Items from a dataset

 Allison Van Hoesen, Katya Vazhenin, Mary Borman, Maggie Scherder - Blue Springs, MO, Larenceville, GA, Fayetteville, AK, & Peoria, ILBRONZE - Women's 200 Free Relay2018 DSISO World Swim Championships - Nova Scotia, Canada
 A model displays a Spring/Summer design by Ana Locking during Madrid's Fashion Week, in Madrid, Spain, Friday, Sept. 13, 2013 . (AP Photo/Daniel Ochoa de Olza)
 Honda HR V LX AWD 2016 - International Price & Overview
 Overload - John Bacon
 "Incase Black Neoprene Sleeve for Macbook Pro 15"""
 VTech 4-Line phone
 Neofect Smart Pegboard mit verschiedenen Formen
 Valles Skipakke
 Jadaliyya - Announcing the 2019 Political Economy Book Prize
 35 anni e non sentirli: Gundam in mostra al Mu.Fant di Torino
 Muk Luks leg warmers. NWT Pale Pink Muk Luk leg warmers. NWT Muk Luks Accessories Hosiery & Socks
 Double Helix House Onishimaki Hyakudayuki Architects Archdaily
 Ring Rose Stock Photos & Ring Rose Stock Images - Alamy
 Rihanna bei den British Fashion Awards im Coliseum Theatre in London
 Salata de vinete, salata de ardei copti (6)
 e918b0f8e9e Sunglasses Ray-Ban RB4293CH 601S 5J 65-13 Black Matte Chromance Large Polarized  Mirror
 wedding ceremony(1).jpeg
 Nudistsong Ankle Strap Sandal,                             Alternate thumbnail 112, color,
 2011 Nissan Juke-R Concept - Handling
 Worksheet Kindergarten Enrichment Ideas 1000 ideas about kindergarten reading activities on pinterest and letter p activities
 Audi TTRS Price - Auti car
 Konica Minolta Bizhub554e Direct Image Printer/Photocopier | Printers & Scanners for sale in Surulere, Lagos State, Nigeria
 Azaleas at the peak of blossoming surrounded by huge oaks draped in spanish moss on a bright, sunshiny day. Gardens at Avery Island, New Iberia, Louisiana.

Task item: Repeat back all entries verbatim.

Task answer:
 Allison Van Hoesen, Katya Vazhenin, Mary Borman, Maggie Scherder - Blue Springs, MO, Larenceville, GA, Fayetteville, AK, & Peoria, ILBRONZE - Women's 200 Free Relay2018 DSISO World Swim Championships - Nova Scotia, Canada
 A model displays a Spring/Summer design by Ana Locking during Madrid's Fashion Week, in Madrid, Spain, Friday, Sept. 13, 2013 . (AP Photo/Daniel Ochoa de Olza)
 Honda HR V LX AWD 2016 - International Price & Overview
 Overload - John Bacon
 "Incase Black Neoprene Sleeve for Macbook Pro 15"""
 VTech 4-Line phone
 Neofect Smart Pegboard mit verschiedenen Formen
 Valles Skipakke
 Jadaliyya - Announcing the 2019 Political Economy Book Prize
 35 anni e non sentirli: Gundam in mostra al Mu.Fant di Torino
 Muk Luks leg warmers. NWT Pale Pink Muk Luk leg warmers. NWT Muk Luks Accessories Hosiery & Socks
 Double Helix House Onishimaki Hyakudayuki Architects Archdaily
 Ring Rose Stock Photos & Ring Rose Stock Images - Alamy
 Rihanna bei den British Fashion Awards im Coliseum Theatre in London
 Salata de vinete, salata de ardei copti (6)
 e918b0f8e9e Sunglasses Ray-Ban RB4293CH 601S 5J 65-13 Black Matte Chromance Large Polarized  Mirror
 wedding ceremony(1).jpeg
 Nudistsong Ankle Strap Sandal,                             Alternate thumbnail 112, color,
 2011 Nissan Juke-R Concept - Handling
 Worksheet Kindergarten Enrichment Ideas 1000 ideas about kindergarten reading activities on pinterest and letter p activities
 Audi TTRS Price - Auti car
 Konica Minolta Bizhub554e Direct Image Printer/Photocopier | Printers & Scanners for sale in Surulere, Lagos State, Nigeria
 Azaleas at the peak of blossoming surrounded by huge oaks draped in spanish moss on a bright, sunshiny day. Gardens at Avery Island, New Iberia, Louisiana.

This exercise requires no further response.